Hash Tables (called dictionaries in Python) are one of the **most versatile** data structures. They enable O(1) average-case lookups and are used in countless interview problems.

### What You'll Learn
1. Hash table fundamentals and Python dictionaries
2. Hash functions and collision handling
3. Common operations and their complexities
4. Hash map patterns for interviews
5. Common interview problems using hash tables
6. Time/space complexity analysis
7. Interview tips and tricks

---


In [None]:
from typing import List, Dict, Set, Tuple
from collections import defaultdict, Counter, OrderedDict
import time

print("Hash Tables (Dictionaries) - Complete Interview Guide")
print("=" * 60)
print("\nHash tables are your best friend in coding interviews!")
print("Master these patterns to solve problems efficiently.\n")


## 1. Hash Table Fundamentals

### What is a Hash Table?

A **hash table** (dictionary in Python) stores key-value pairs using a hash function to map keys to array indices. This enables O(1) average-case access.

### Key Components:

1. **Hash Function**: Maps keys to array indices
2. **Buckets/Array**: Stores key-value pairs
3. **Collision Handling**: Resolves when multiple keys hash to same index

### Python Dictionary Operations Complexity

| Operation | Time Complexity | Notes |
|-----------|----------------|-------|
| Access (dict[key]) | O(1) average | Hash lookup |
| Insert/Update | O(1) average | Hash and store |
| Delete | O(1) average | Hash and remove |
| Search (key in dict) | O(1) average | Hash lookup |
| Iterate | O(n) | Visit all items |

**Note**: Worst case is O(n) if all keys hash to same bucket, but this is rare.


In [None]:
# Python dictionary basics
hash_map = {}

# Insert/Update - O(1)
hash_map['apple'] = 5
hash_map['banana'] = 3
hash_map['cherry'] = 8
print(f"After inserts: {hash_map}")

# Access - O(1)
print(f"\nValue for 'apple': {hash_map['apple']}")

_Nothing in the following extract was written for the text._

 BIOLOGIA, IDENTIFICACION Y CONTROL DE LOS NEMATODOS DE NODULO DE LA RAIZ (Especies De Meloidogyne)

# Check if key exists - O(1)
print(f"'banana' in dict: {'banana' in hash_map}")
print(f"'orange' in dict: {'orange' in hash_map}")

# Update existing key - O(1)
hash_map['apple'] = 10
print(f"\nAfter update: {hash_map}")

# Delete - O(1)
del hash_map['banana']
print(f"After delete: {hash_map}")

# Get with default value
print(f"\nGet 'orange' with default 0: {hash_map.get('orange', 0)}")

# Iterate
print("\nAll items:")
for key, value in hash_map.items():
    print(f"  {key}: {value}")

# Useful: defaultdict (auto-creates missing keys)
dd = defaultdict(int)
dd['a'] += 1  # No KeyError!
dd['b'] += 2
print(f"\nDefaultDict: {dict(dd)}")

# Useful: Counter (count occurrences)
counts = Counter(['apple', 'banana', 'apple', 'cherry', 'banana', 'apple'])
print(f"Counter: {counts}")
print(f"Most common: {counts.most_common(2)}")

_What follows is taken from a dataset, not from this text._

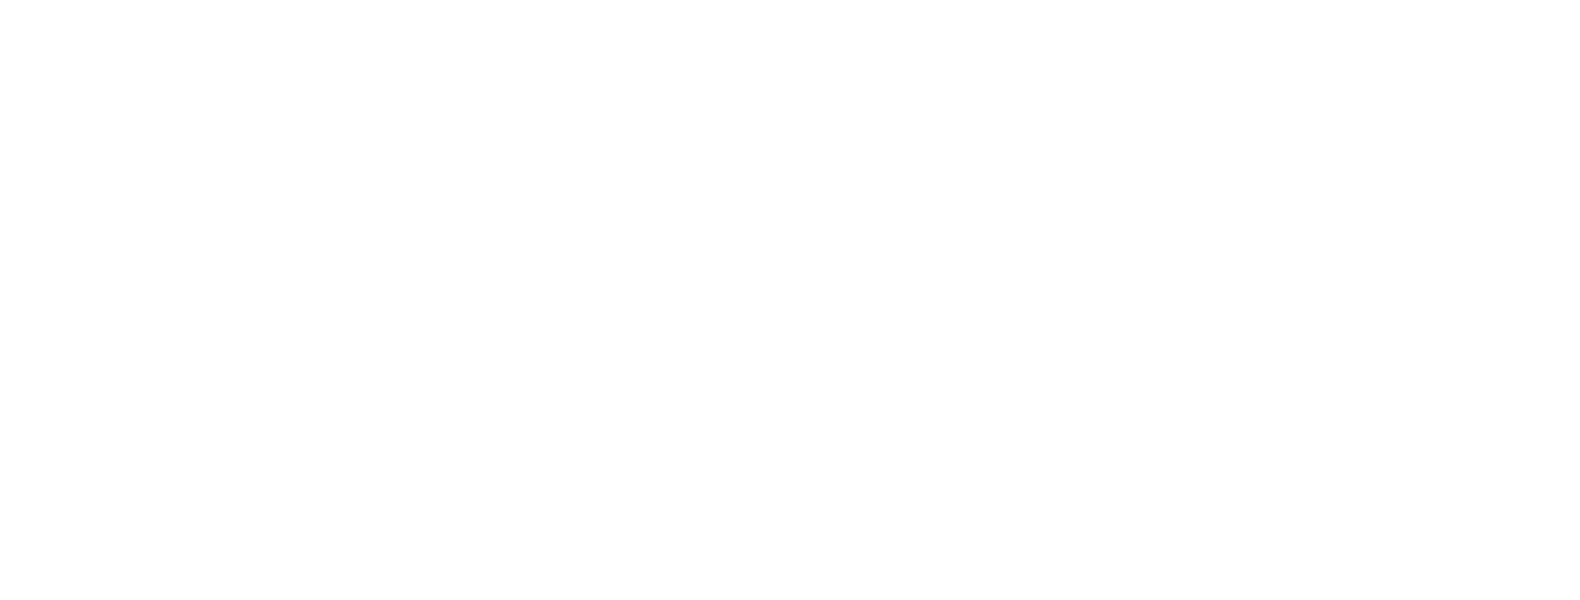 Elements Entertainment

## 2. Common Hash Table Patterns

### Pattern 1: Frequency Counting

One of the most common uses: count occurrences of elements.

**Use Cases:**
- Count character frequencies
- Count element occurrences in arrays
- Group similar items


In [None]:
def count_frequency(arr: List) -> Dict:
    """Count frequency of each element."""
    freq = {}
    for item in arr:
        freq[item] = freq.get(item, 0) + 1
    return freq

# Using Counter (Pythonic way)
def count_frequency_counter(arr: List) -> Counter:
    """Count frequency using Counter."""
    return Counter(arr)

# Test
arr = [1, 2, 3, 2, 1, 1, 4, 2, 2]
freq1 = count_frequency(arr)
freq2 = count_frequency_counter(arr)

print(f"Array: {arr}")
print(f"Frequency (manual): {freq1}")
print(f"Frequency (Counter): {dict(freq2)}")
print(f"\nMost common: {freq2.most_common(2)}")

# Character frequency
text = "hello world"
char_freq = Counter(text)
print(f"\nCharacter frequency in '{text}':")
print(f"  {dict(char_freq)}")
print(f"  Most common: {char_freq.most_common(3)}")

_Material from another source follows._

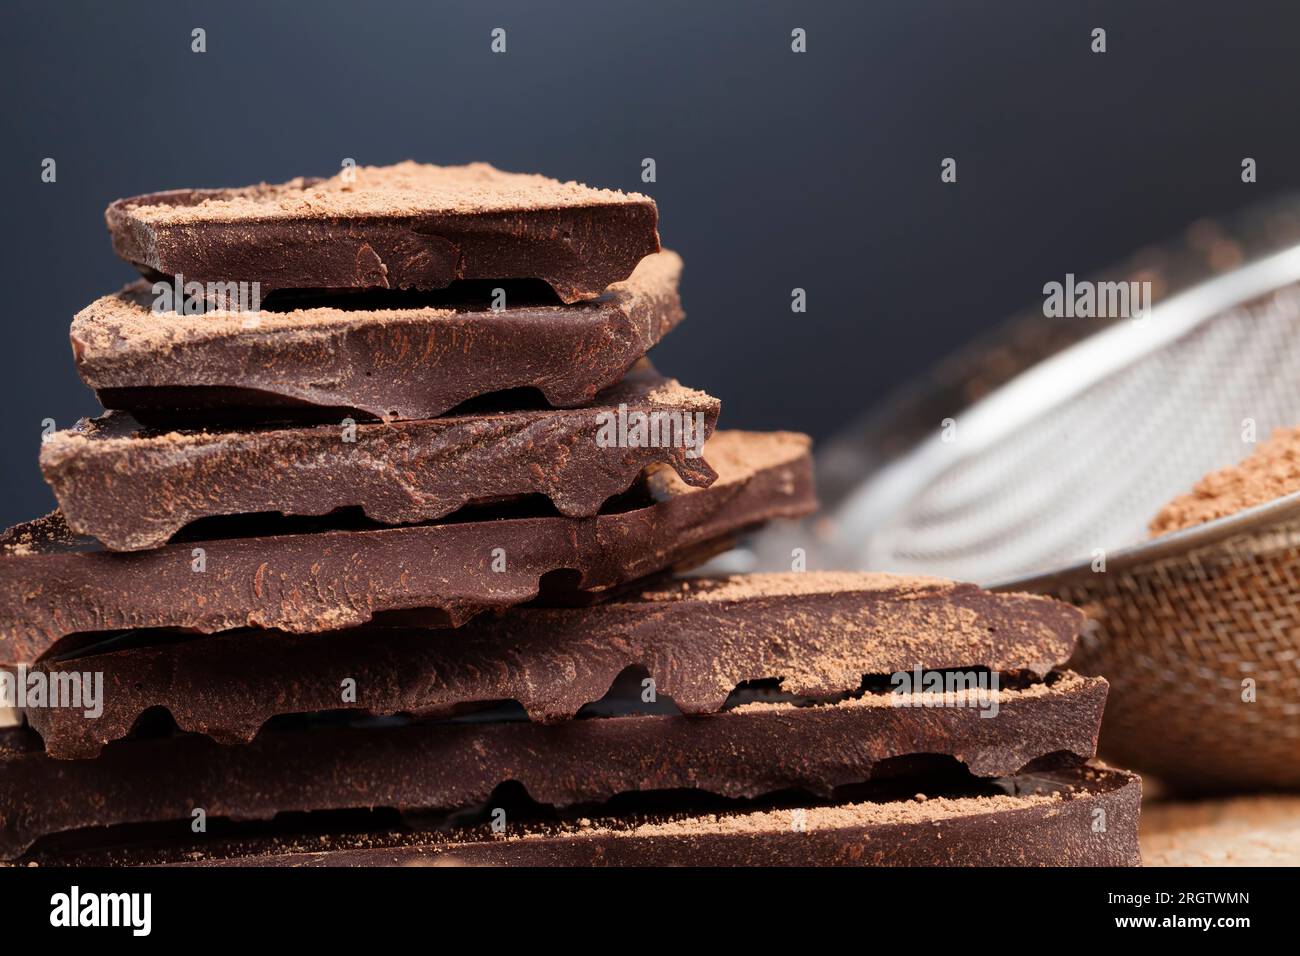 cioccolato amaro spezzato a pezzi, grandi pezzi di cioccolato amaro con cacao e burro, diviso in pezzi un pezzo di cioccolato di cacao Foto Stock

### Pattern 2: Two Sum (Hash Table Solution)

**Problem**: Find two numbers that add up to target (unsorted array).

**LeetCode**: [Two Sum](https://leetcode.com/problems/two-sum/)


In [None]:
def two_sum(nums: List[int], target: int) -> List[int]:
    """
    Two Sum using hash table.
    Time: O(n), Space: O(n)
    """
    seen = {}  # value -> index
    
    for i, num in enumerate(nums):
        complement = target - num
        if complement in seen:
            return [seen[complement], i]
        seen[num] = i
    
    return []

# Test
nums = [2, 7, 11, 15]
target = 9
result = two_sum(nums, target)
print(f"Array: {nums}, Target: {target}")
print(f"Indices: {result}")
print(f"Values: {nums[result[0]]}, {nums[result[1]]}")
print(f"\nTime: O(n) - single pass")
print(f"Space: O(n) - hash table storage")

print("\nKey insight:")
print("- Store seen values as we iterate")
print("- Check if complement exists before storing current")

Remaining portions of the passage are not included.